I have the following expression
$$\binom{p-q}{\frac{p-q}{2}}-\binom{p-q}{\frac{p-q}{2}-1}=\frac{(p-q)!}{(\tfrac{p-q}{2})!(\tfrac{p-q}{2}+1)!},$$
where $p$ and $q$ are nonnegative integers with $p\geq q$. I have been trying to obtain an asymptotic formula for this expression as $p$ grows using Stirling's approximation:
$$\log{(n!)}= n\log{n}-n+\frac{1}{2}\log{(2\pi)}+\frac{1}{2}\log{n}+O(\tfrac{1}{n}).$$
Applying this approximation to this entire expression yields quite a large formula so I'll not reproduce it here, but every time I try and do this I end up with an asymptotic formula that is incorrect, usually by a factor of $e$. For example, consider the second factorial in the denominator:
$$\log{(((p-q)/2+1)!)}=((p-q)/2+1)\log{((p-q)/2+1)}-((p-q)/2+1)+\frac{1}{2}\log{(2\pi)}+\frac{1}{2}\log{((p-q)/2+1)}+O(\tfrac{1}{((p-q)/2+1)}).$$
Now as $p$ grows very large, what should this expression reduce to?

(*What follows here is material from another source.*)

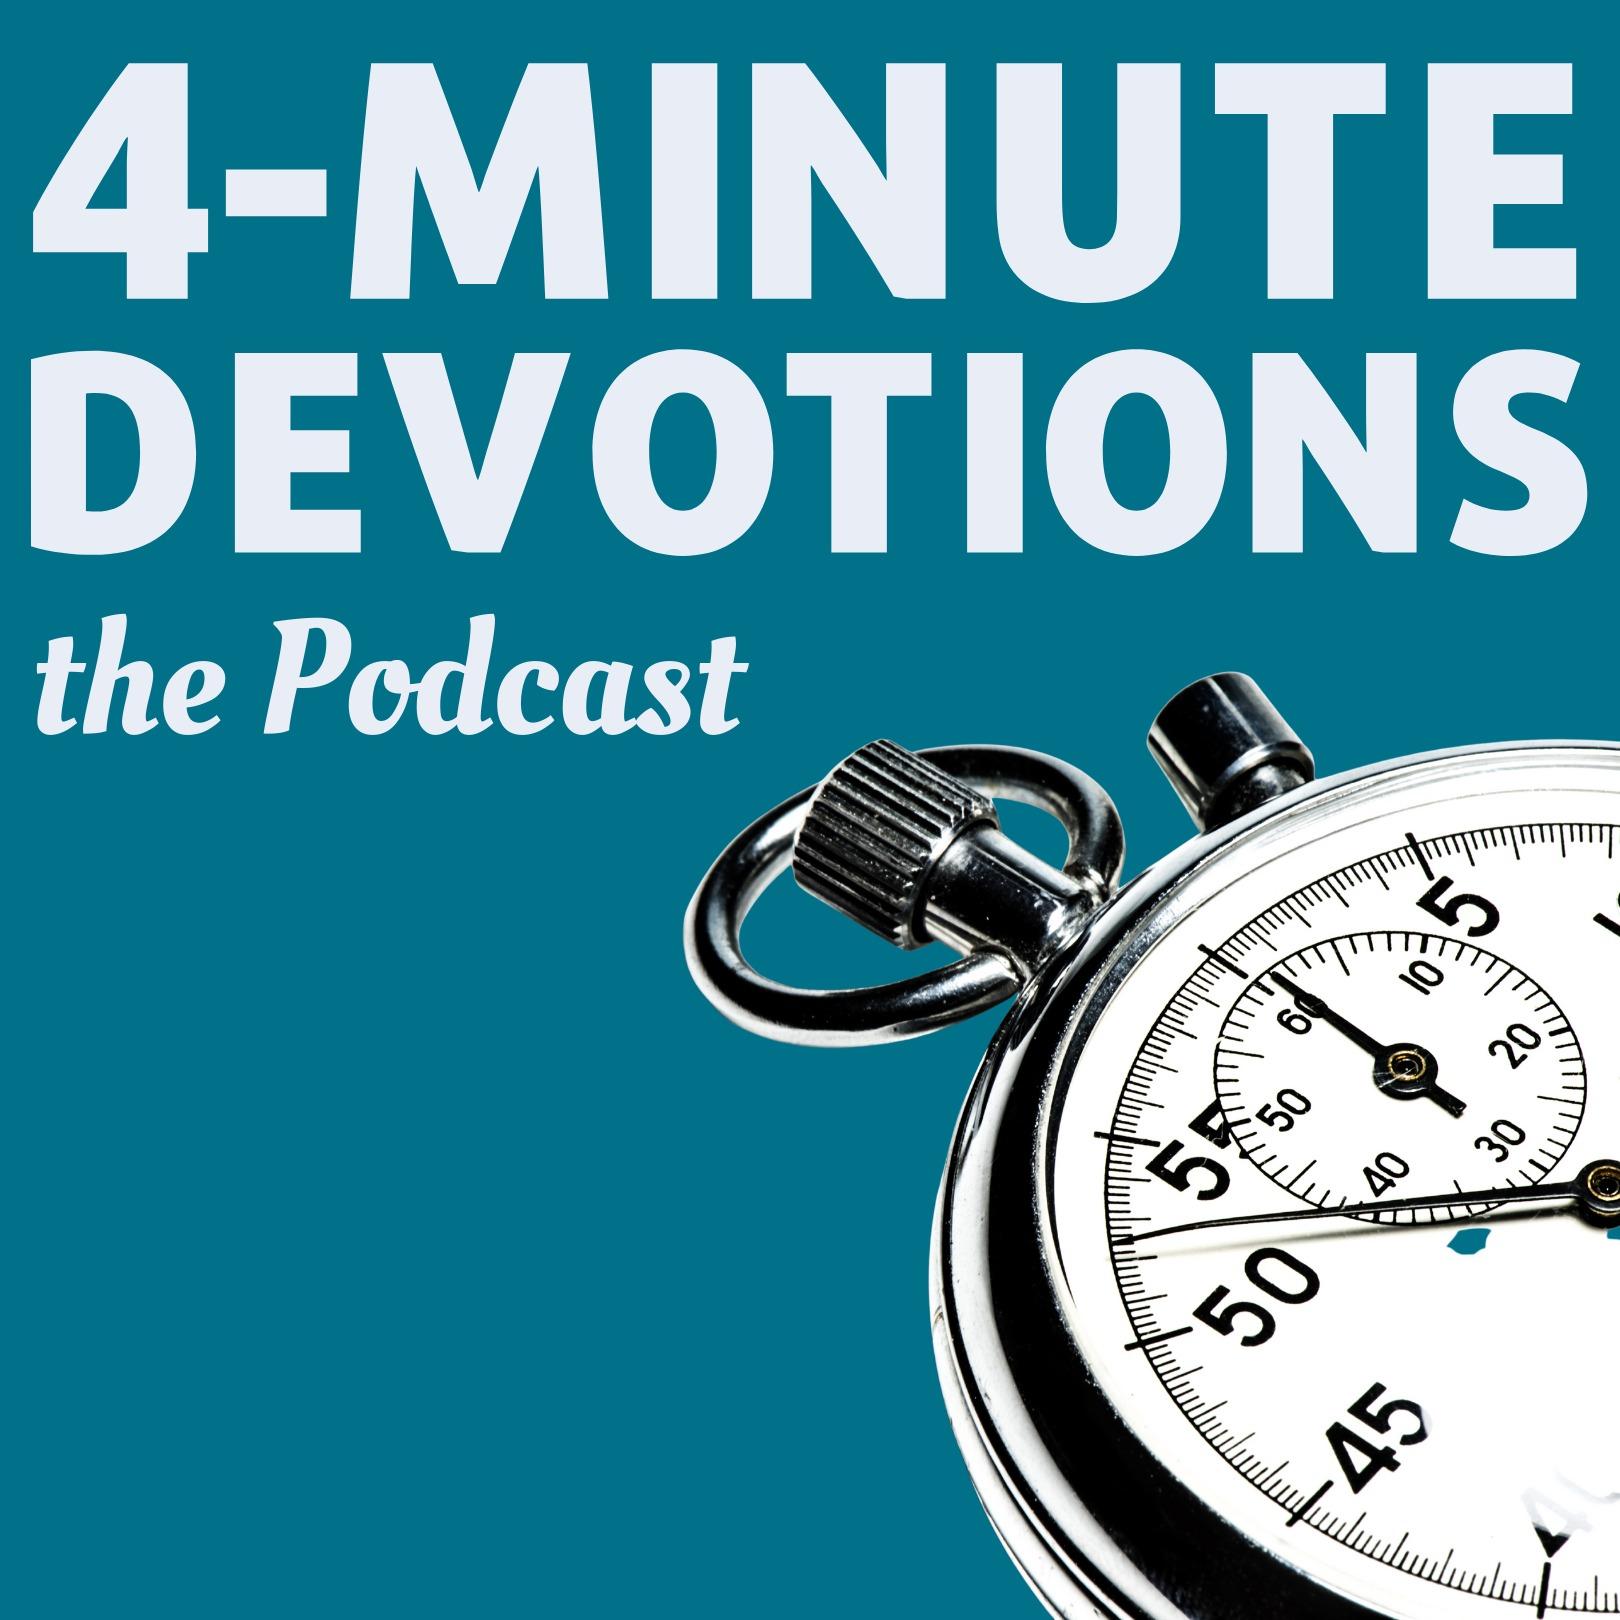 4-minute Devotions - the Podcast

Is it
$$(p/2)\log{(p/2)}-p/2+\frac{1}{2}\log{(2\pi)}+\frac{1}{2}\log{(p/2)}+O(\tfrac{1}{((p-q)/2)}),$$
or
$$((p-q)/2)\log{((p-q)/2)}-((p-q)/2)+\frac{1}{2}\log{(2\pi)}+\frac{1}{2}\log{((p-q)/2)}+O(\tfrac{1}{((p-q)/2)}),$$
or something else?